*** Collected data Section Begins ***

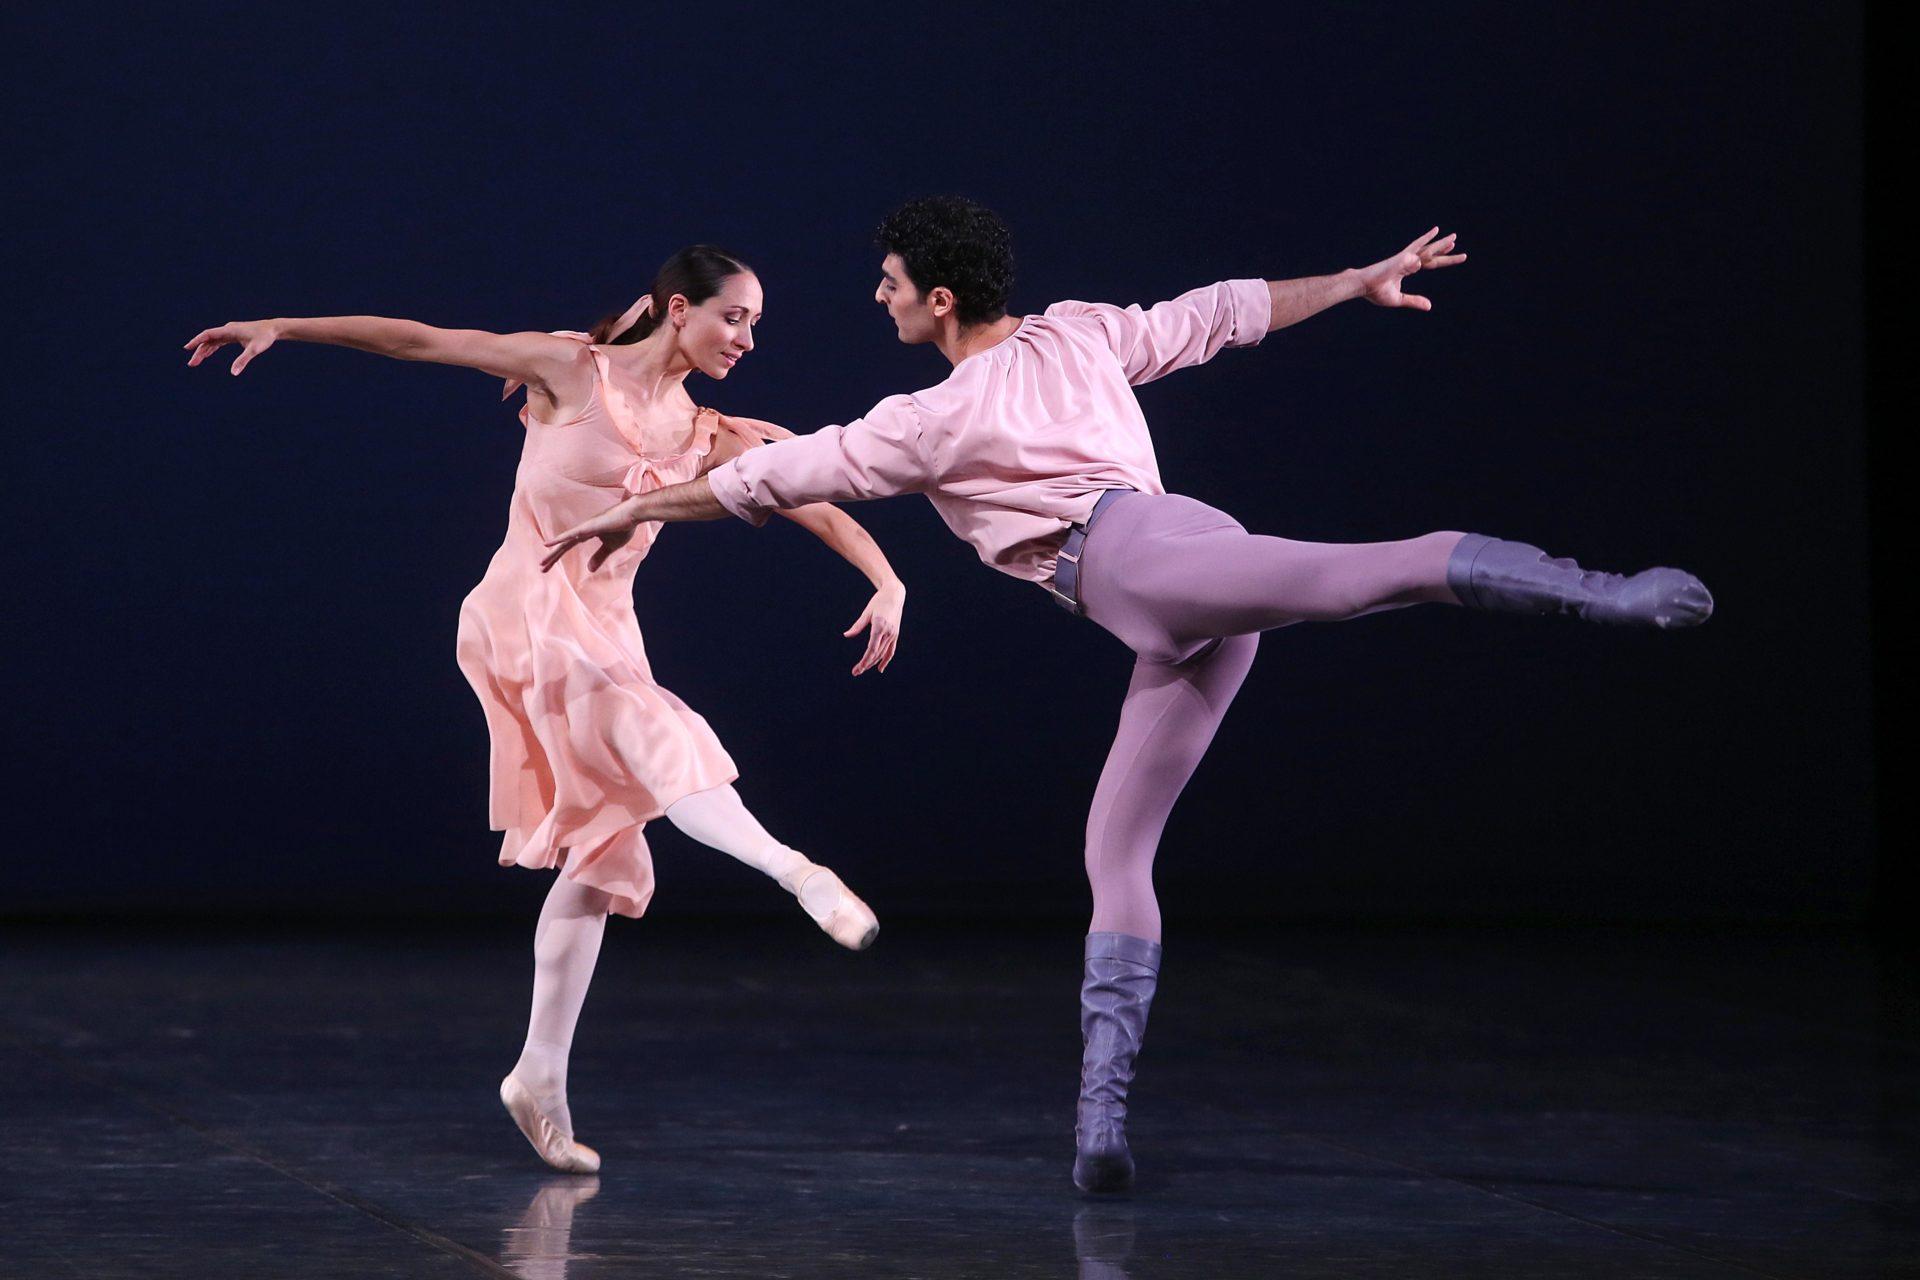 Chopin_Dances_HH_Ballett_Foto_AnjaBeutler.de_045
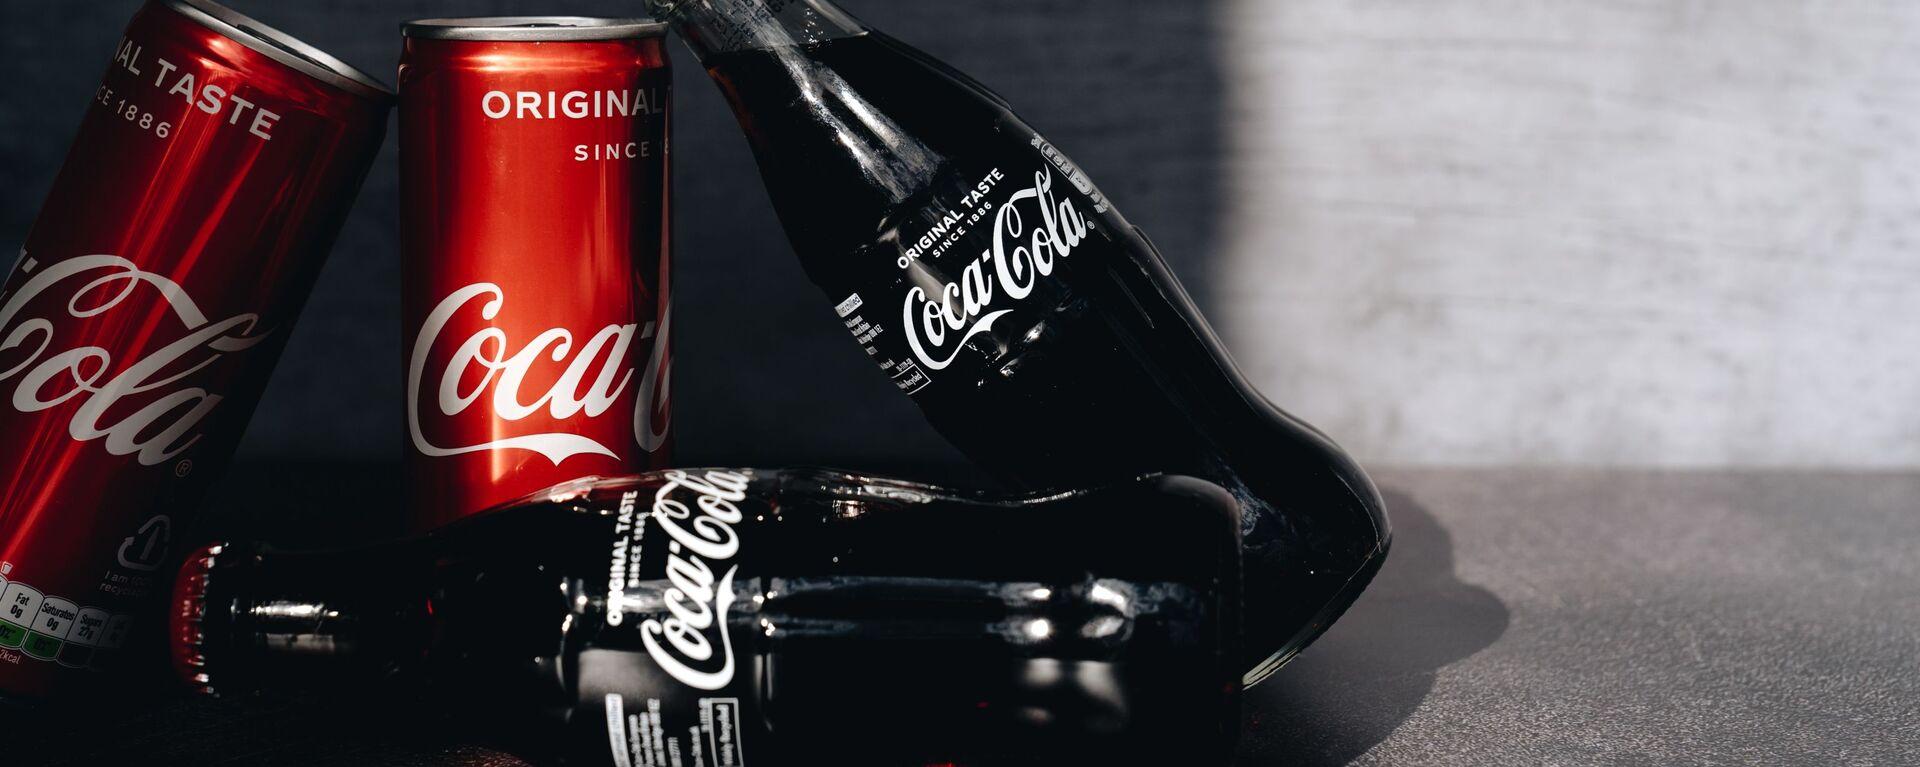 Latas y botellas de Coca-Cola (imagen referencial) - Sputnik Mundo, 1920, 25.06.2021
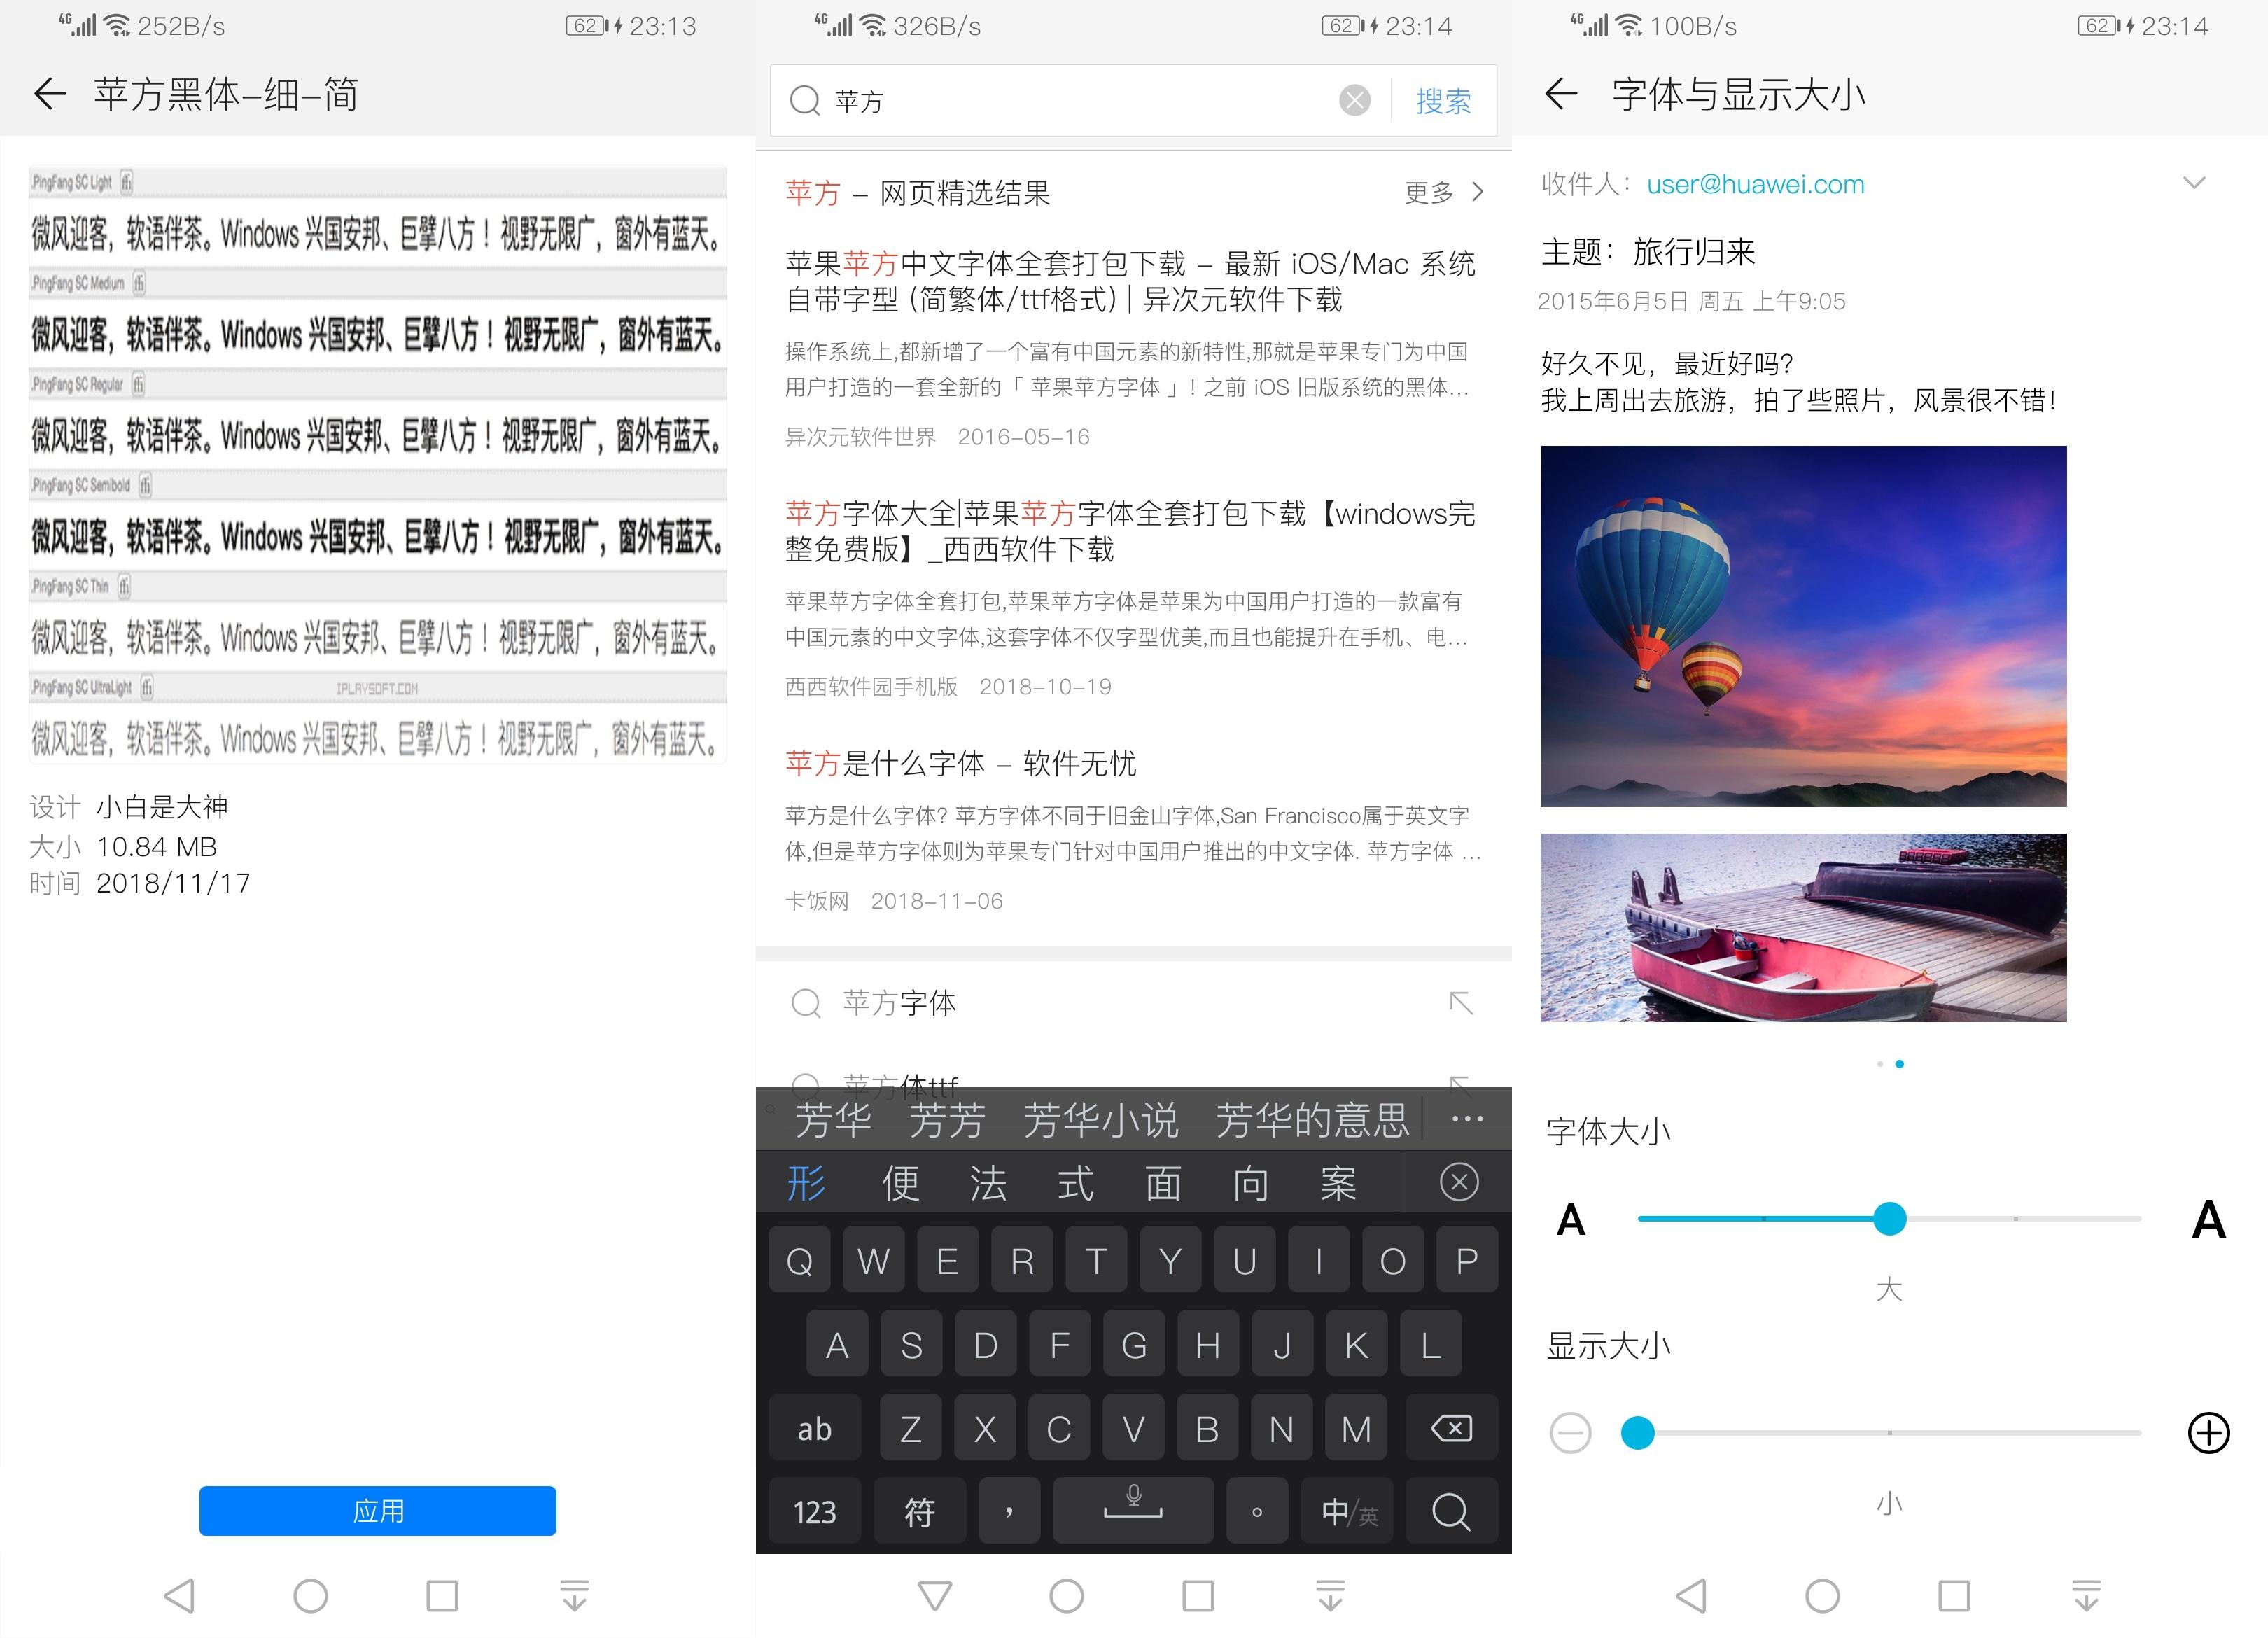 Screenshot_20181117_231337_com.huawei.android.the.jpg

*** Collected data Section Ends ***

Instructions for the task: Transcribe exactly the line that contains "Latas y botellas" and each line after it through the end of the listing. Leave out the pictures.

Exercise solution:
 Latas y botellas de Coca-Cola (imagen referencial) - Sputnik Mundo, 1920, 25.06.2021
 Screenshot_20181117_231337_com.huawei.android.the.jpg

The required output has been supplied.